The forest industry has been hampered by a slow to recover housing market. Last year single-family starts made up just 67 percent of the new housing market which was down from a 10-year average of 71 percent, but higher than the 64 percent recorded in 2015. That slow but steady housing market recovery is expected to continue and returns from mills are also headed in a positive direction thanks to increasing lumber prices and a dependable demand for fiber.

Prospects at nurseries and greenhouses are on the rise along with the arrival of spring and slow growth in the single-family housing market. Overall sales are expected to increase in 2017 but early season sales may be depressed a bit by persistent poor weather. Improved sales and a more balanced inventory created higher prices and improved margins last year and the 12-month forecast expects the market to remain profitable.

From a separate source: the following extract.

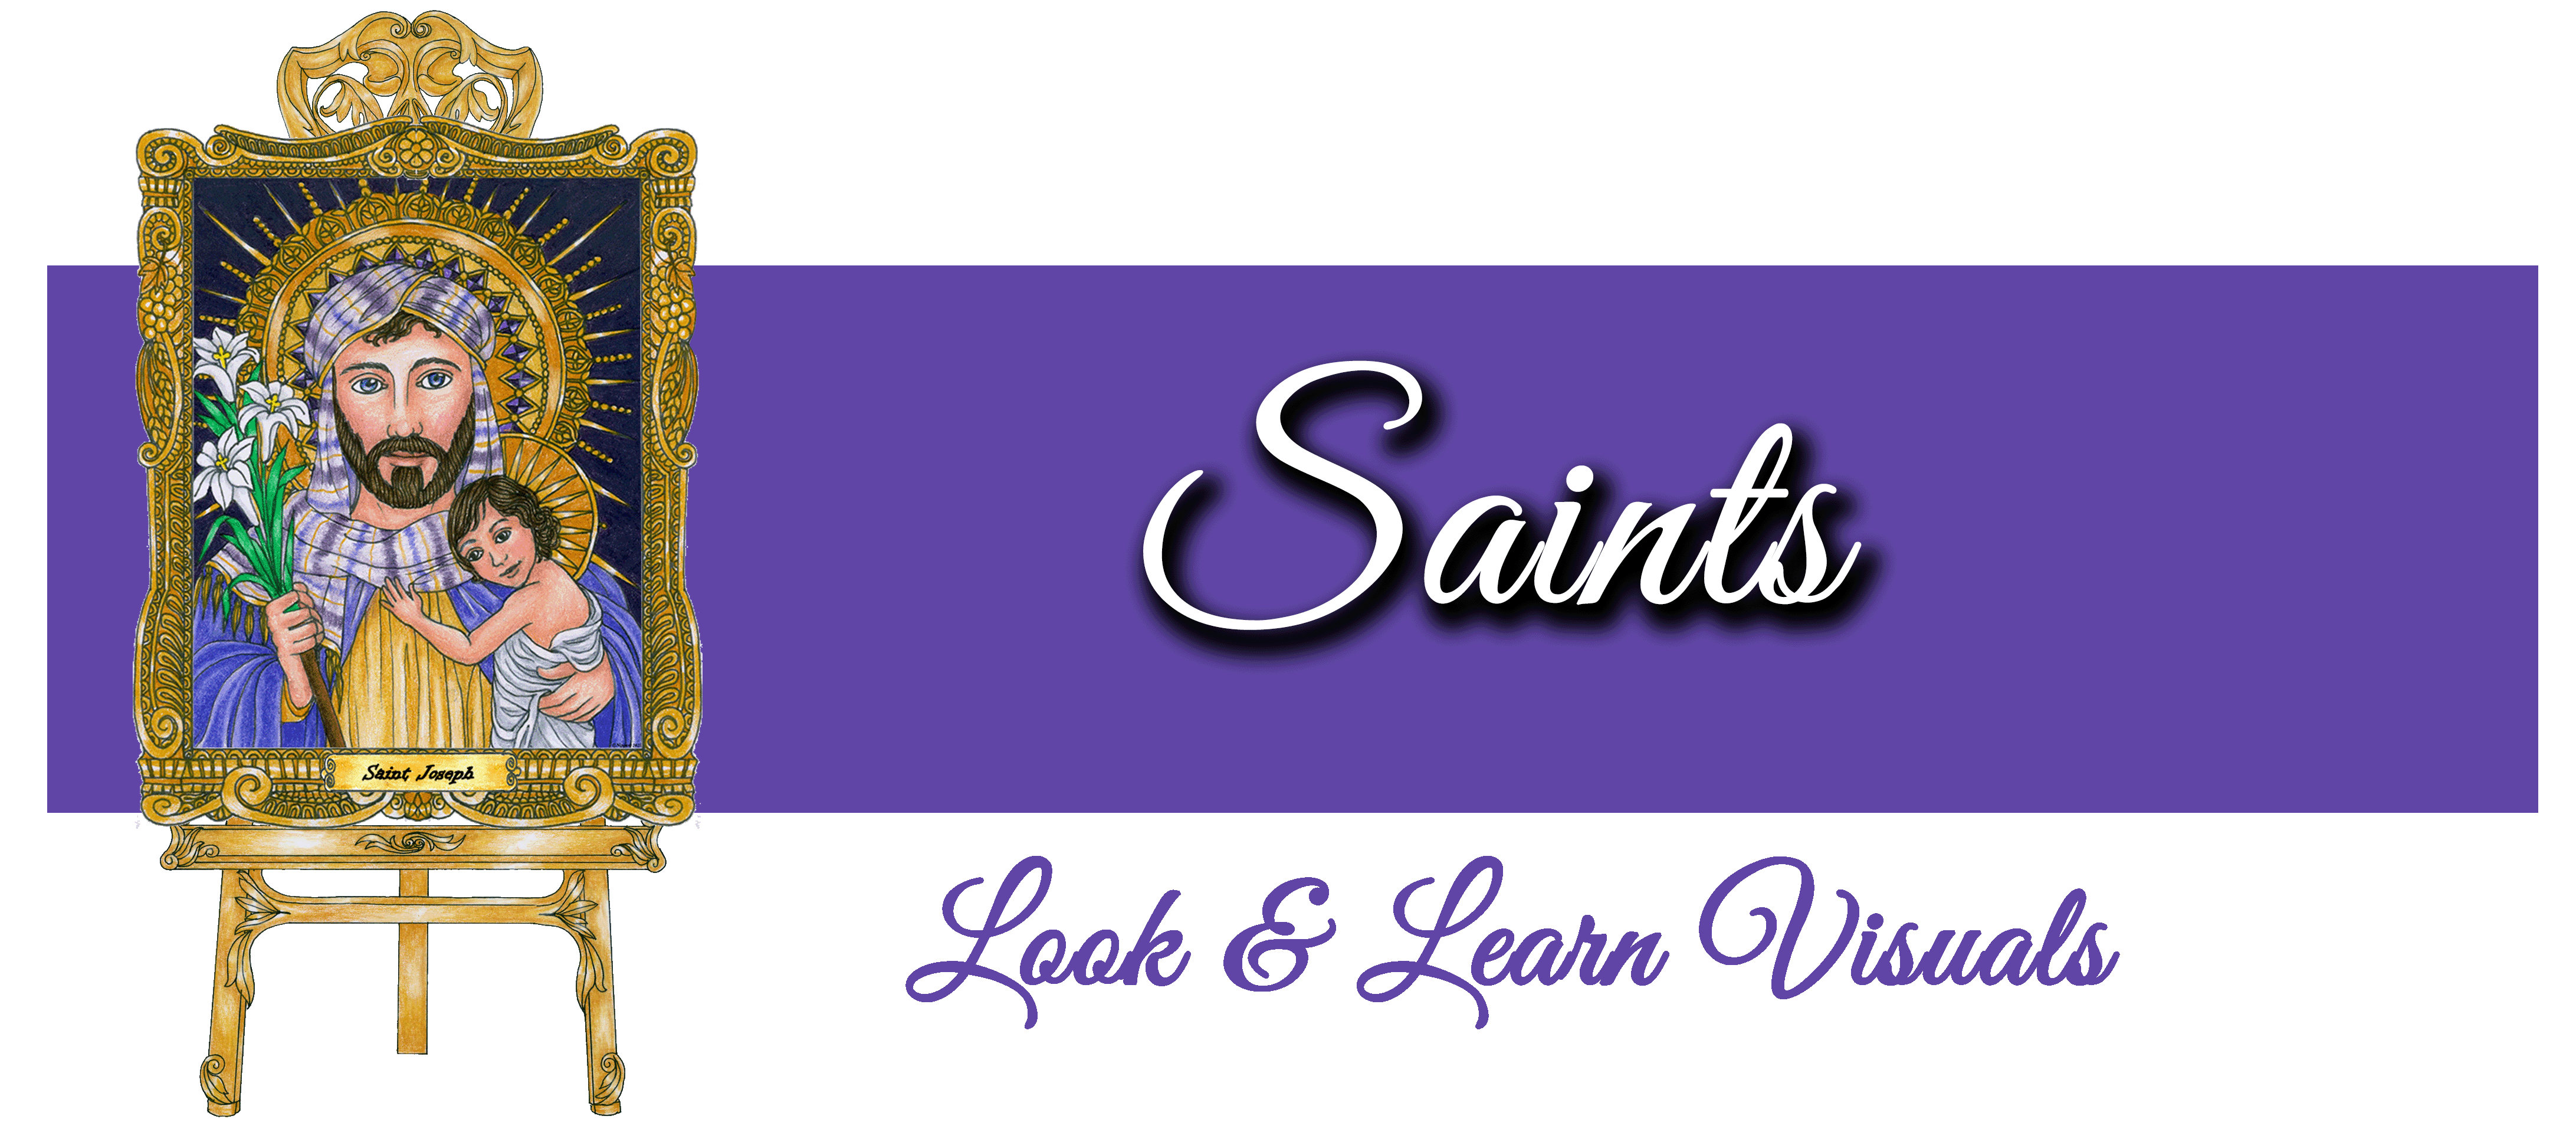 Look & Learn Saints

Fisheries are being strung along by high demand. A bounty of pollock has caused that market to go soft bellied but a harvest limit on crabs and a poor pink salmon run have pushed those prices higher. The fishing fleet has also been adding new vessels and improving old equipment in order to create more efficient operations. Profitability is expected to remain strong over the next year, especially for Pacific cod and sablefish.

Northwest Farm Credit Services is a financial cooperative valued at $11 billion and tasked with providing financing and related services to farmers, ranchers, agribusinesses, commercial fishermen, timber producers, rural homeowners and crop insurance customers in Washington, Oregon, Alaska, Idaho and Montana.